I’m sure many women—like yourself—look and Caitlyn’s photos and cringe, thinking “Really? After all these years, this is what it means to be female?” But the (then still Bruce) Jenner in the interview was describing a process of trying to figure out how to come to terms with his soul as a human, and how that could be expressed.

He was—and still is—a work in progress. He made repeated references at that point to “she,” the woman he would become publically in the near future, and yet started the interview by telling Sawyer that, for all intents and purposes, he was a woman.  He offered to dine with Sawyer as “she,” but would only do so off camera.  He promised to speak with Sawyer again in a year, recognizing that it would be a year of many changes.

Adding to all the uncertainty were distinctions about sexual orientation versus gender identity, the fear and uncertainty involved in discussing these issues with his ten children, and the deplorable harassment he received in the last several years at the hands of paparazzi and comedians. All of this because the experiences and histories of transgender individuals are only now something that many—perhaps Sawyer and her audience, along with a great many in the LGBT community—are beginning to understand.

As a gay man dealing with my own struggles to come to terms with my sexual orientation over the last 40 years, I identified with the language that Jenner used in that interview.  I recognized his struggles with depression, his tentative steps to accept his difference (he was on hormone therapy for 5 years in the 1980s), his relationships that ended in a great deal of hurt for a series of women, and the relief and freedom found in acceptance.

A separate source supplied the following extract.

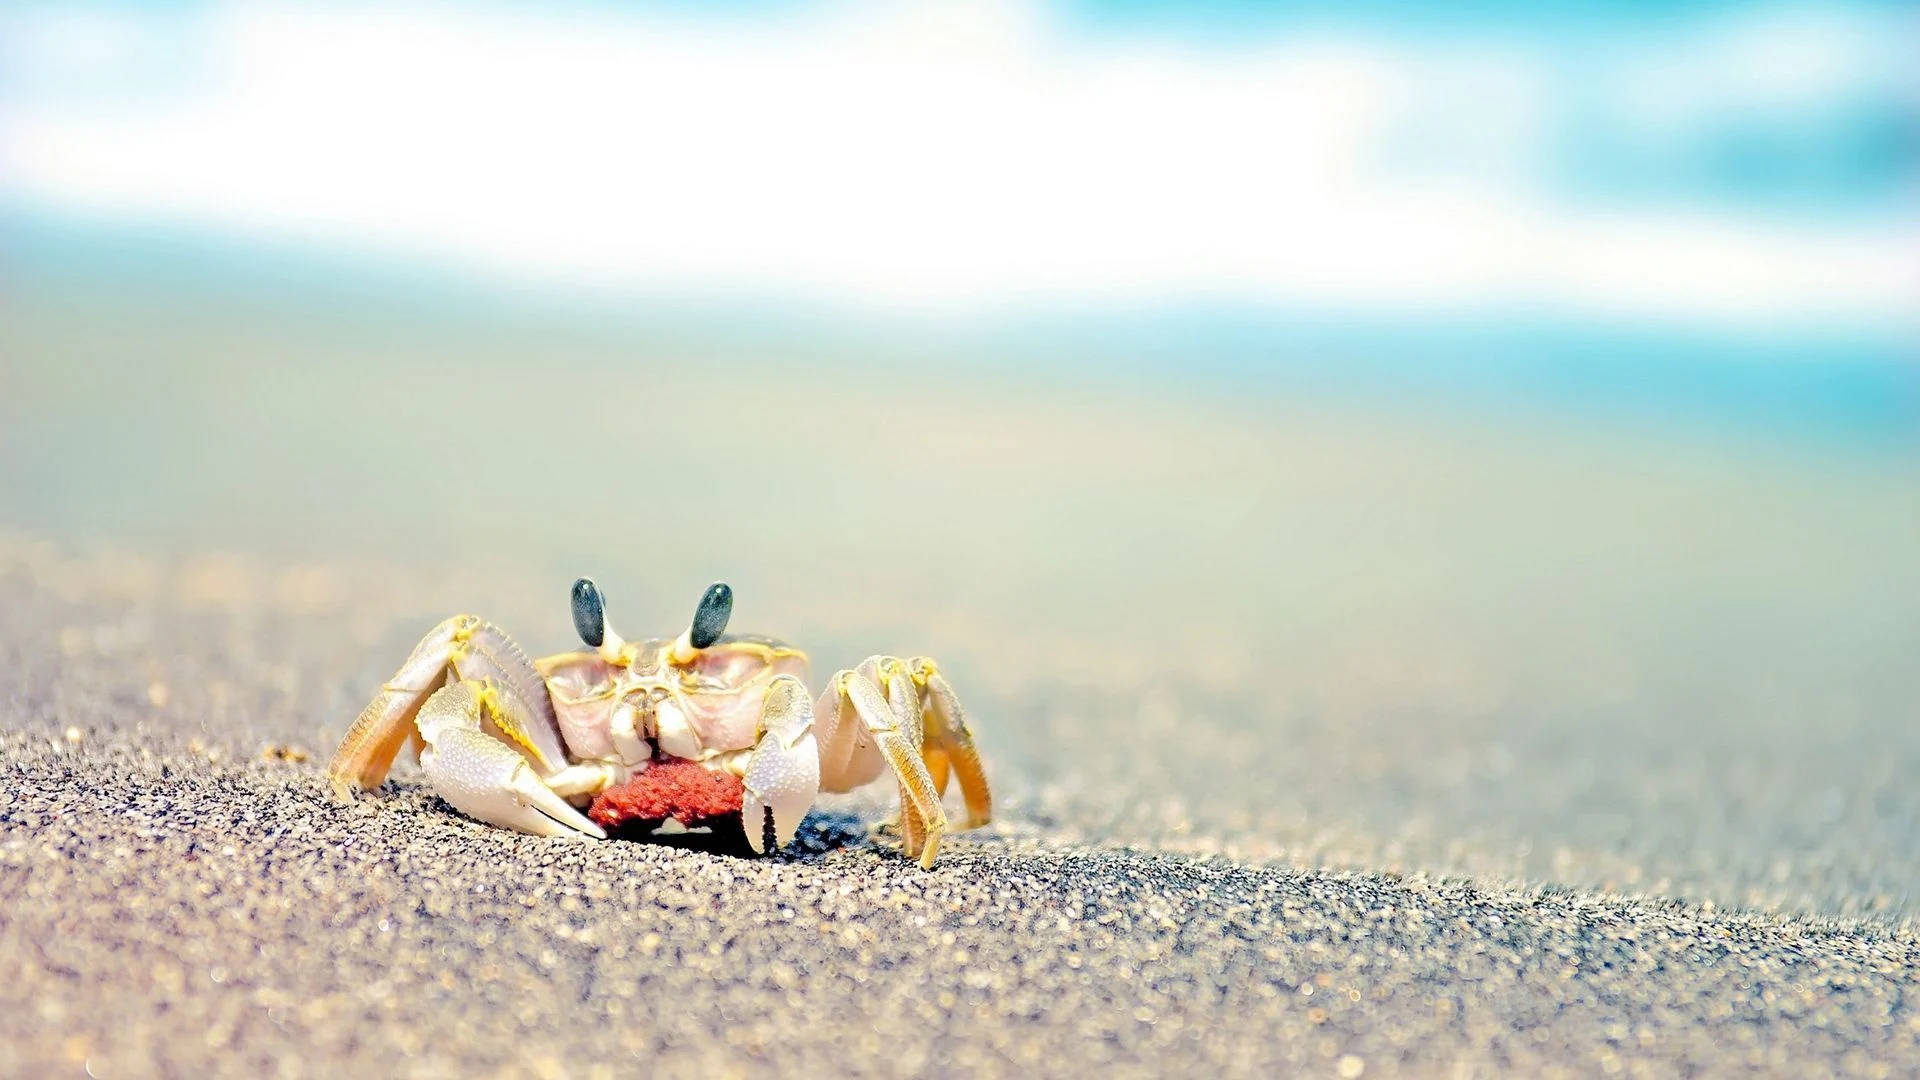 Small Crab In Beach Sand Wallpaper

It seems to me that Jenner and other transgender individuals have a great deal to teach us.  We all need to be thinking and discussing what it means to be male, what it means to be female, what it means to be human.  Without the willingness of the Jenners and Laverne Coxs and our friends and neighbors to try to explain the crazy territory of what gender identity means (not gender expression and not sexual orientation—all three of these are separate characteristics), we will never come to a new place of understanding, a new place of acceptance.

This week the Supreme Court will most likely release its opinion in the case it heard this spring on the constitutionality of same-sex marriage.  Many court experts expect that there will be at least some form of victory for same-sex marriage.  Of course, it is my firm hope that is the case.  My worry, in the aftermath, is that the wonderful discussion we have been having in society around sexual orientation will fade if civil marriage rights for all individuals regardless of sexual orientation are affirmed.  There is still so much understanding that needs to happen, still so many misconceptions, so much hate.  Just as with Jenner, we need to keep having that difficult discussion, not closing ourselves off into our respective camps.

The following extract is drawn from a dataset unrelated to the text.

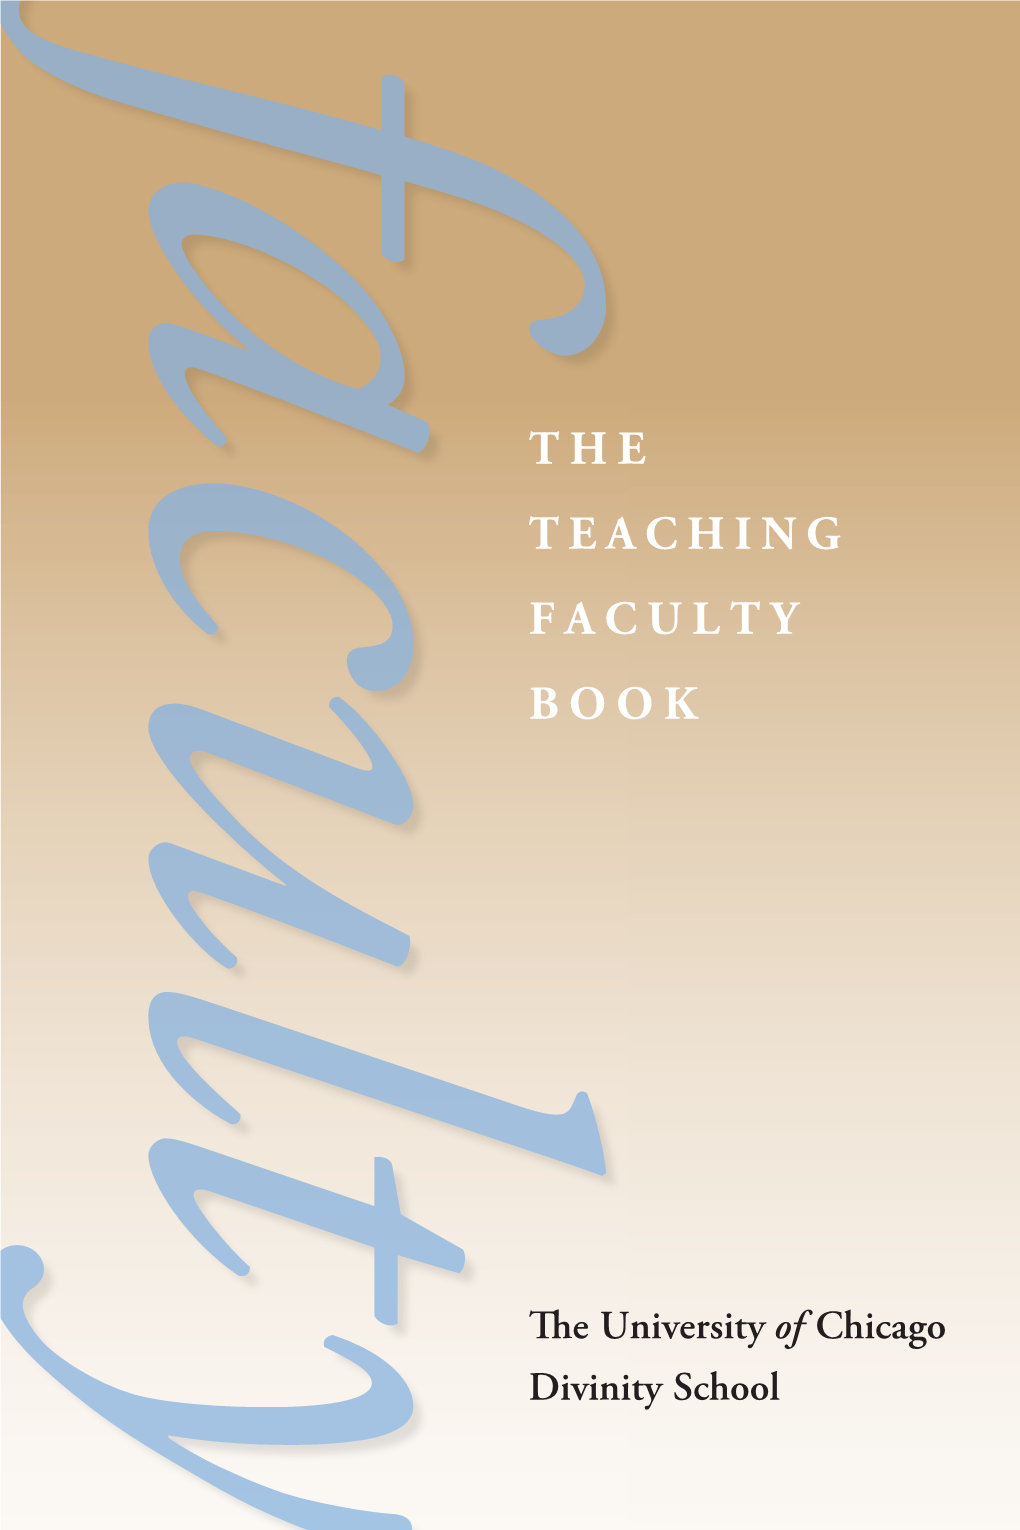 Download the Teaching Faculty Book
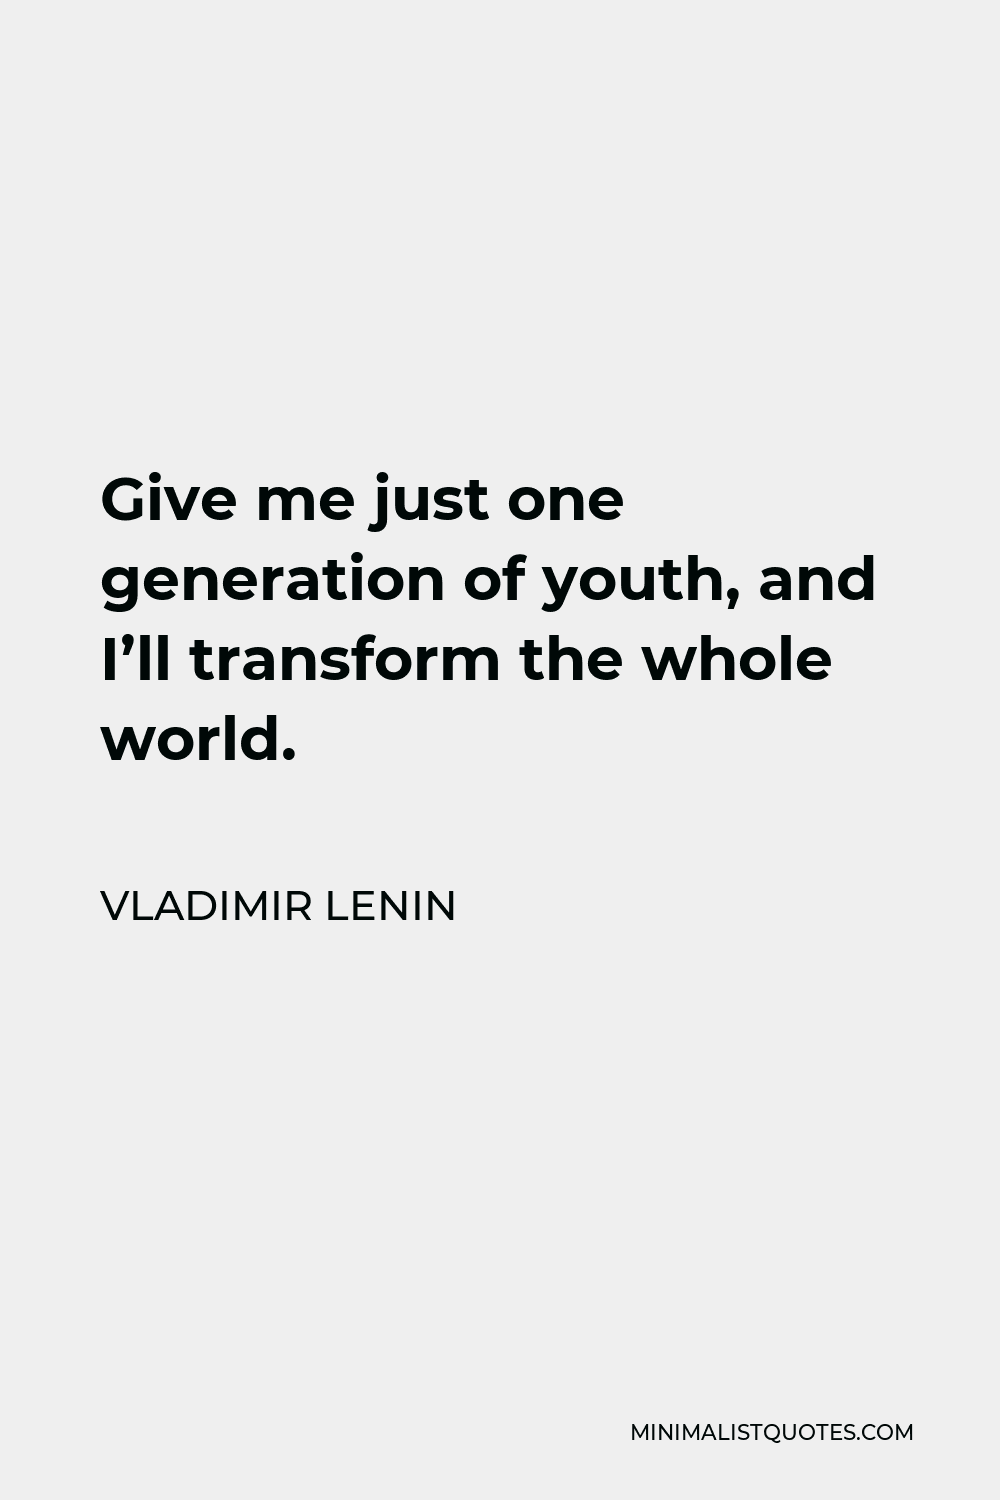 Vladimir Lenin Quote - Give me just one generation of youth, and I’ll transform the whole world.

I think before we close the doors on identity—whether it be sexual orientation, gender identity, or gender expression—we need more people like Jenner who are willing to open doors.  My hope is that Jenner will use her public platform to bring more attention to issues of gender in our society.  The Caitlyn Jenner I have seen thus far is doing just that.  I hope she does more than just appear as a sex symbol on the cover of a magazine, but given who she is and the way her journey through life has unfolded, I’m not surprised that was her first appearance as “she.”